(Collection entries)
━━━━━━━━

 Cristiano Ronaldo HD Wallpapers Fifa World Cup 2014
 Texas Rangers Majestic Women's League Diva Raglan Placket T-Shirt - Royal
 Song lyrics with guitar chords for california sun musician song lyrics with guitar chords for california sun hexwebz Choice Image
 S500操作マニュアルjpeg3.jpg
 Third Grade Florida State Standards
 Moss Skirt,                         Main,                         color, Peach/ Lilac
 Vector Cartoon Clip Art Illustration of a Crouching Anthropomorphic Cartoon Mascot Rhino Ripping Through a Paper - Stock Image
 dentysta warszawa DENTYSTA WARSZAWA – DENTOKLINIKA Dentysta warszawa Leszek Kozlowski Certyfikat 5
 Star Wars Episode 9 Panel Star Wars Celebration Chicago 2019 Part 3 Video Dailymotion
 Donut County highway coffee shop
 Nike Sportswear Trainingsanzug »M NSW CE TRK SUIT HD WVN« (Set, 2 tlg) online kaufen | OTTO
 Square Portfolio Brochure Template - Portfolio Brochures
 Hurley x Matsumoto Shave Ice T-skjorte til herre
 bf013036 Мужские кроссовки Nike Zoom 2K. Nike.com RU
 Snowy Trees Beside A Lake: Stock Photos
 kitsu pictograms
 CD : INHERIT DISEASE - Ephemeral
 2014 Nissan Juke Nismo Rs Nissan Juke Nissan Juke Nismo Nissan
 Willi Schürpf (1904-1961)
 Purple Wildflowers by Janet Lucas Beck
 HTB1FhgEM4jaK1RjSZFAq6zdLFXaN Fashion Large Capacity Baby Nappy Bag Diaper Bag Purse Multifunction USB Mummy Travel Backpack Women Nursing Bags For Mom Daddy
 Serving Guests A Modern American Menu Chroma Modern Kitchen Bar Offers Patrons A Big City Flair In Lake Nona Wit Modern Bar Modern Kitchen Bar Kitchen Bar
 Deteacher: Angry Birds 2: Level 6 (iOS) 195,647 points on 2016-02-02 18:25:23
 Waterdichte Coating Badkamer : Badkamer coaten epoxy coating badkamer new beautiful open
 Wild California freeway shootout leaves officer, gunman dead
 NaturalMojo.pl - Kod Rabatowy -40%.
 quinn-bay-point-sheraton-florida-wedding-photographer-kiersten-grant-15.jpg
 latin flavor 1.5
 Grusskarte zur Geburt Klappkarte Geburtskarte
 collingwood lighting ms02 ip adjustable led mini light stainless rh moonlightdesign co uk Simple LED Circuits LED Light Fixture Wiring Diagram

━━━━━━━━

EXERCISE OBJECTIVE:
Retype, exactly and in full, the lines above from the one containing "2014 Nissan Juke" through the one containing "Wild California freeway".

WRITTEN SOLUTION:
 2014 Nissan Juke Nismo Rs Nissan Juke Nissan Juke Nismo Nissan
 Willi Schürpf (1904-1961)
 Purple Wildflowers by Janet Lucas Beck
 HTB1FhgEM4jaK1RjSZFAq6zdLFXaN Fashion Large Capacity Baby Nappy Bag Diaper Bag Purse Multifunction USB Mummy Travel Backpack Women Nursing Bags For Mom Daddy
 Serving Guests A Modern American Menu Chroma Modern Kitchen Bar Offers Patrons A Big City Flair In Lake Nona Wit Modern Bar Modern Kitchen Bar Kitchen Bar
 Deteacher: Angry Birds 2: Level 6 (iOS) 195,647 points on 2016-02-02 18:25:23
 Waterdichte Coating Badkamer : Badkamer coaten epoxy coating badkamer new beautiful open
 Wild California freeway shootout leaves officer, gunman dead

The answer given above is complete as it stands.